Brockwell Park, London

Wide Awake has fast become a jewel in London’s day festival crown. 

This year’s edition returned to Brockwell Park with one of its most varied and genre-spanning line-ups yet. Acts ranged from indie rock guitar bands like Crumb and BODEGA to more experimental artists such as Charlotte Adigery and Eartheater, alongside a strong dance music contingent courtesy of OK Williams and Helena Hauff. It was nothing short of an enjoyable start to the 2024 festival season. The day was also refreshingly free from too many clashes, with headliners King Gizzard and the Lizard Wizard, Slowdive and Young Fathers all on at different times. Here are five performances we haven’t stopped thinking about. 

The Itch

Kicking things off nice and early in the Corsica Studios x DMY tent, The Itch ignited the crowd with a dose of rioutous synth pop. They might have only released their debut single, Ursula, a sprawling, glitching ode to Ursula K Le Guin, earlier this year, but the band have already built up quite a following. They played their only released track half way through the set so it was book-ended by unheard music that still managed to conjure a captivated response from the crowd. The tent was packed with eager listeners ready to get a taste of what the newcomer band will release next and, from the words on everyone’s lips as they spilled out from the tent, The Itch are one to watch. 

The Dare

The Moth Club x Wonderland tent was packed for a sweaty, sleazy set from New York indie sleaze revivalist The Dare. His set was stacked with a mix of unreleased tracks and much-loved bangers from last year’s The Sex EP, drawing on ‘00s nostalgia with a delivery that made it feel just as exciting and fresh as it would’ve done the first time around. While it was just The Dare’s Harrison Smith alone on stage with a keyboard and a backing track, he’s the very definition of a charismatic showman, flailing around the stage or frantically hitting a cymbal above his head as he yelps. The set reaches its chaotic climax as the crowd goes crazy to viral TikTok hit Girls to close out the show. 
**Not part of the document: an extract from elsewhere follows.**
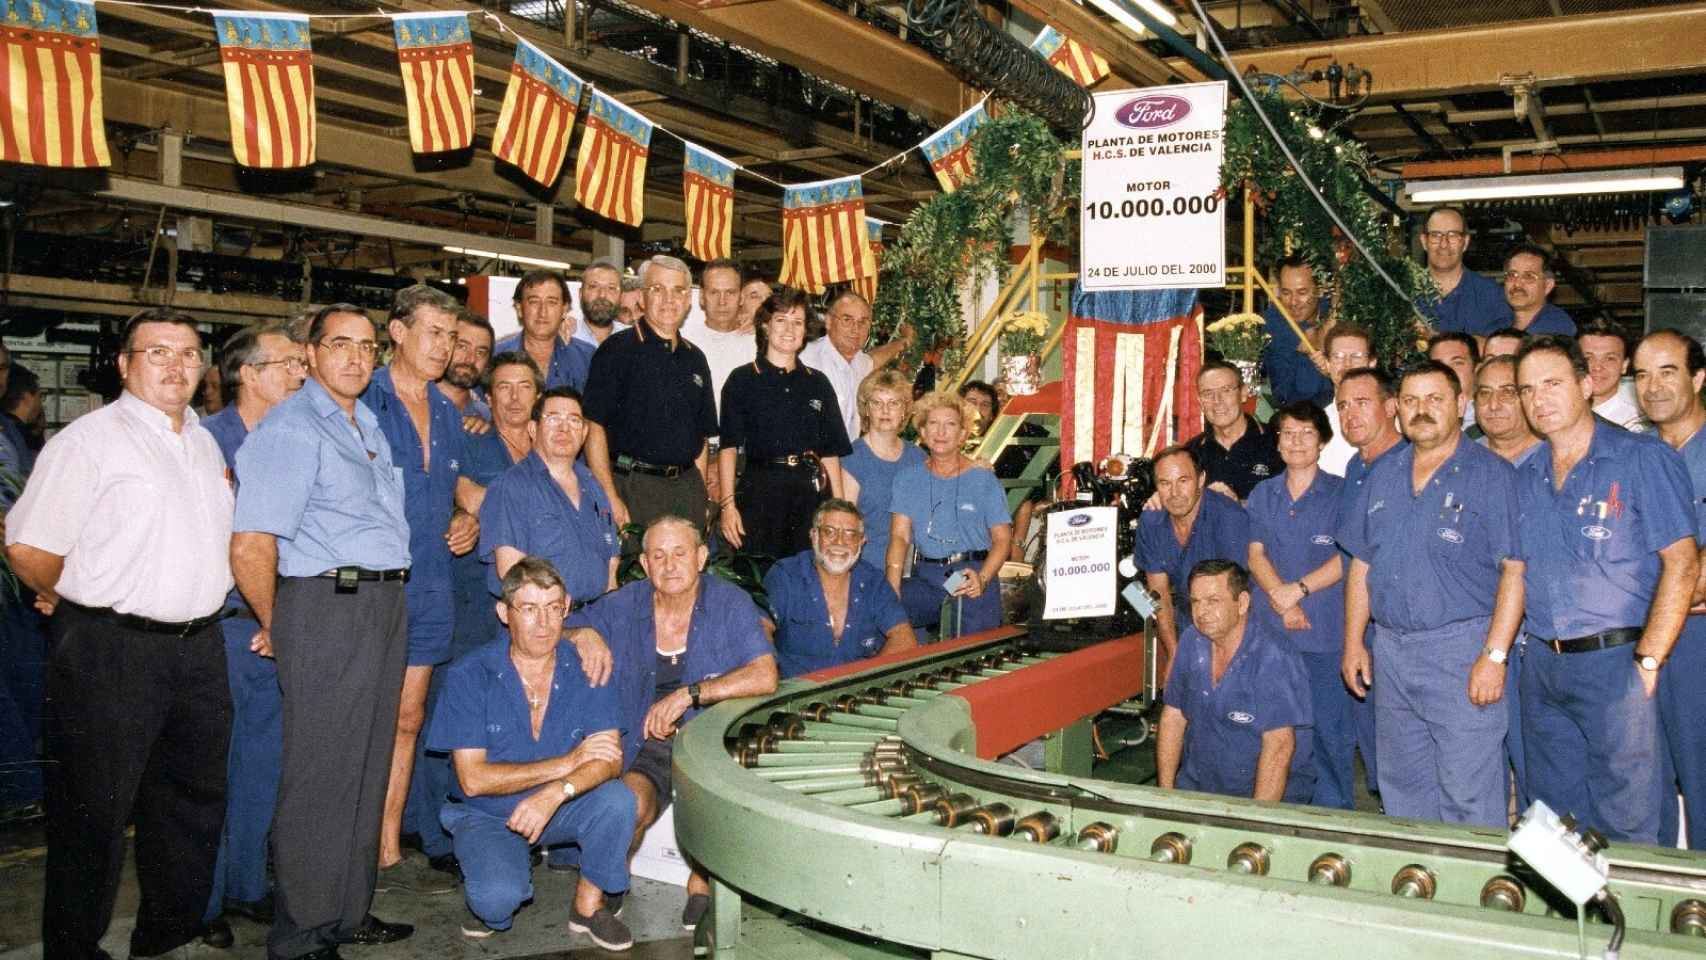 Foto conmemorativa del año 2000, cuando Ford alcanzó los 10 millones de motores fabricados en Almussafes. EE

Eartheater’s set might have been marred by sound difficulties at the start, but by the end, it was hard not to be captivated by her ethereal presence and powerful falsetto vocals. The experimental artist brought her dreamy art pop beats to the Moth Club x Wonderland tent to evoke an atmosphere that was entirely otherwordly. Her cheerful interactions with the crowd brought it back down to earth as she recommended the restaurant her cousin just opened in London or shared how she always stops to smell the flowers. Supersoaker is a highlight as Eartheater dances at the front of the stage while the crowd strain to hit the high notes as they sing along to every word. The set closes with some crowd surfing, but when most of the crowd were trying to film Eartheater on their phones instead of holding her up, she joked, “You Gen Zs don’t know how to crowd surf!”

Young Fathers

Young Fathers have long proven themselves to be one of the most exciting live bands going and their Wide Awake set is no different. The sun was still beaming down as they delivered their unrelentingly energetic performance. They opened with 2013’s confrontational rap track Queen Is Dead before bursting into a rousing rendition of GET UP to keep the crowd moving. The trio were complemented by a female vocalist who joined them onstage and matched the band’s bewitching presence, foregrounding the blaring sirens and thumping percussions. An exchange of energy happened as the band jumped about on stage, prompting the crowd to follow suit and resulting in one of the liveliest sets of the day. 


Beneath the fading sun, Slowdive delivered an enchanting set in front of some of the festival’s dreamiest visuals. It was a blissful daydream of swirling guitars and lush, layered soundscapes from the shoegaze legends. They performed a mesmerising rendition of When The Sun Hits that created a connective moment in the crowd. This was followed by a dreamlike cover of Syd Barrett’s Golden Hair to close out the set. The band may have had an understated presence onstage, but their Wide Awake set revealed their hazy sound to be just as immersive and compelling live as it is on record.